AMPL in NotebookLM#

The AMPL Modeling Language Notebook is a dedicated, document-grounded AI assistant for mathematical programming and optimization with AMPL.

Drawing directly from official AMPL literature—including the comprehensive AMPL book, amplpy, ampls-api, and AMPL/MP documentation, solver callback tutorials, and official style guides - this environment is designed to accelerate your development from initial mathematical formulation to production-ready Python applications.

Use this NotebookLM environment to enhance your optimization workflow:

  • Master Advanced Syntax: Learn how to express complex mathematical concepts, such as piecewise-linear functions, logical constraints, and non-linear programs.

  • Integrate with Python: Seamlessly connect AMPL models to Python data science ecosystems using amplpy to handle Pandas DataFrames and other native Python data structures.

  • Advanced Solver Features: Search hundreds of solver options to do custom runs, or get a step-by-step guidance on setting up custom solver callbacks for solver like Gurobi, CPLEX, or HiGHS using the ampls-api.

  • Write Professional Code: Ensure your models are readable and scalable by applying official AMPL naming conventions and formatting best practices.

Try it here: AMPL Workspace on NotebookLM.

Why use NotebookLM instead of a general-purpose LLM?#

Unlike typical LLMs that rely on vast, generalized, and sometimes outdated training data, NotebookLM offers specific advantages when searching over AMPL’s documentation:

  • Reduced Hallucination Grounding: NotebookLM restricts its knowledge strictly to the 29 official source documents loaded into this notebook. (Hopefully,) It will not hallucinate non-existent AMPL syntax or functions.
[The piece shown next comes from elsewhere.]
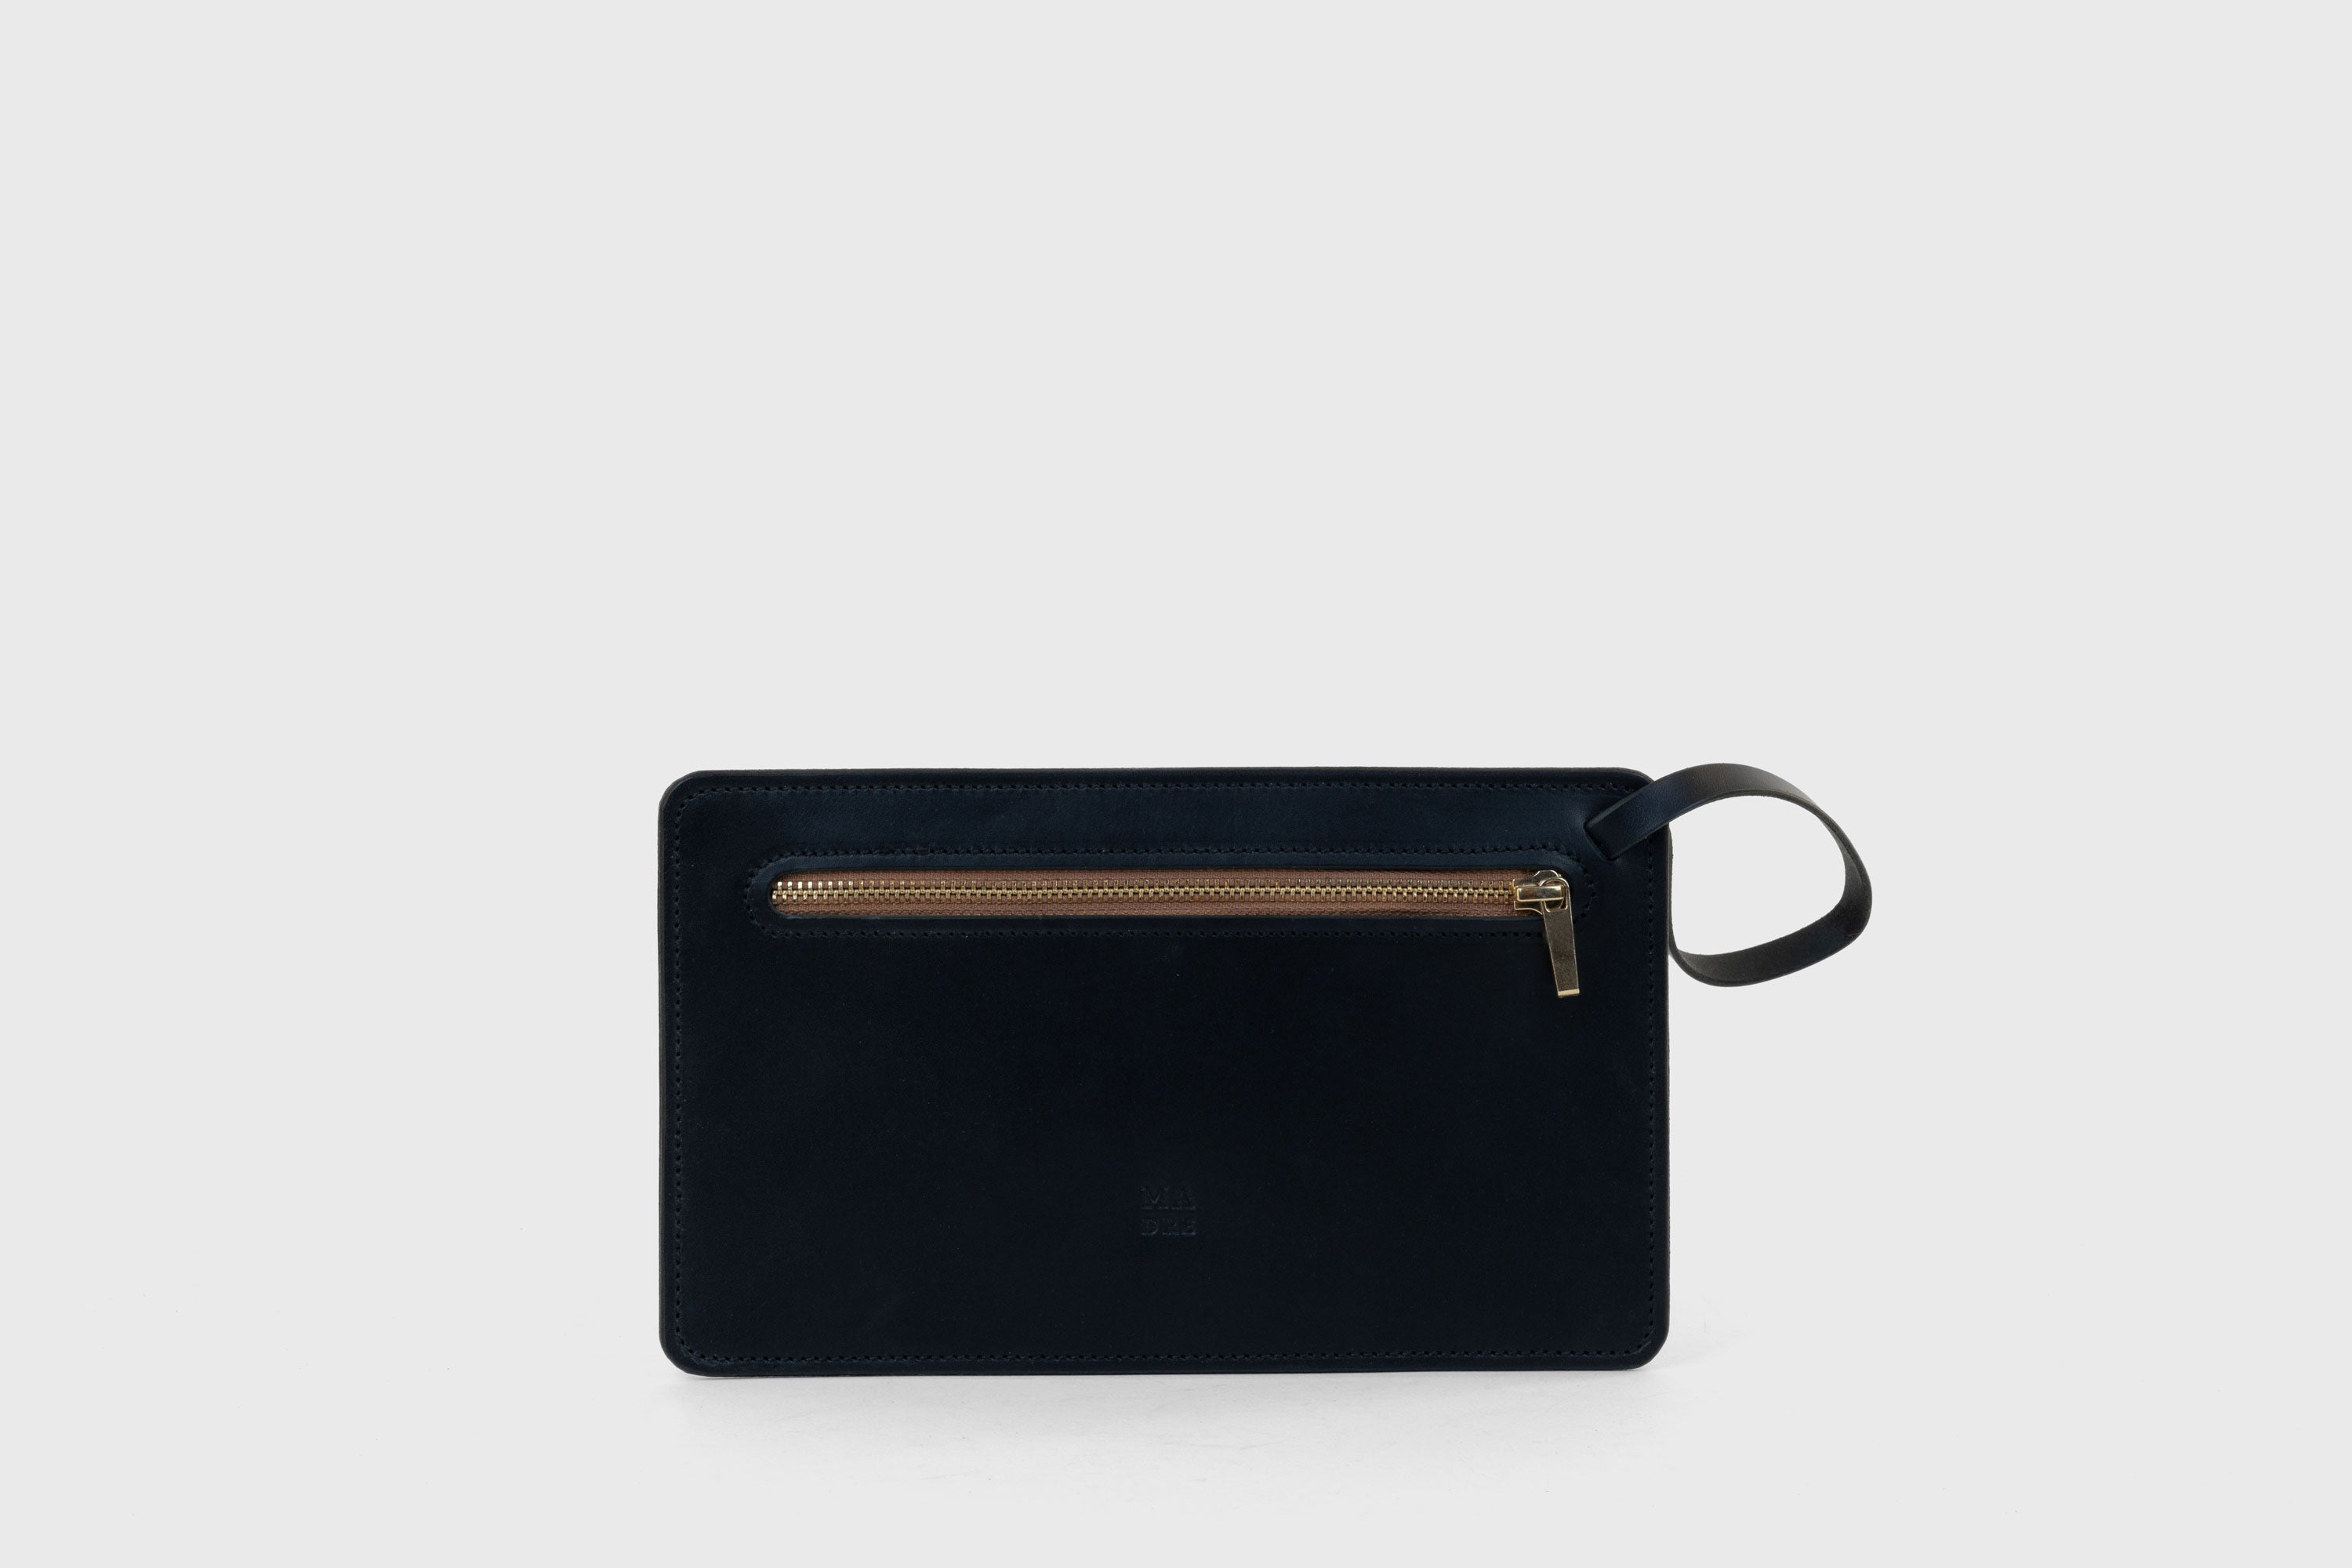 Clutch Flat Leather Black Bag Slim Wrist Band Zipper Minimalistic Premium Handmade Design Atelier Madre Manuel Dreesmann Barcelona Spain

  • Verifiable Citations: Every technical claim, syntax rule, or API method provided in a response includes an inline citation. You can click directly through to the original documentation (like the AMPL Book or the amplpy reference) to verify the context yourself.

  • Focused Context Window: The notebook retains deep, persistent context about AMPL’s specific ecosystem, meaning you get highly specialized answers regarding amplpy, ampls-api, and exact solver behaviors.

  • Custom Artifact Generation: Beyond just chat, you can instantly transform the uploaded documentation into customized study flashcards, structured markdown reports, or even audio/video overviews to help your team learn optimization concepts.

Typical Prompts#

  • “Based on the style guide, what are the best practices for naming sets, parameters, and variables in a new model?”

  • “Show me how to use amplpy to load a Pandas DataFrame into my AMPL model.”

  • “Explain the syntax for declaring a piecewise-linear objective function with multiple slopes.”

  • “How do I set up a generic Python callback to track MIP node progress in CPLEX?”

  • “How can I load a model in amplpy?”

Notes#

  • Static Code Generation: while Notebook LM can generate code, when building big optimization projects, it might be better to use other AI assistants like AMPLbot in GPT, Gem, or AMPL as a Skill.

  • Verification: While NotebookLM reduces hallucinations by grounding its answers in the provided texts, you should always review the generated syntax and logic before deploying models to production environments.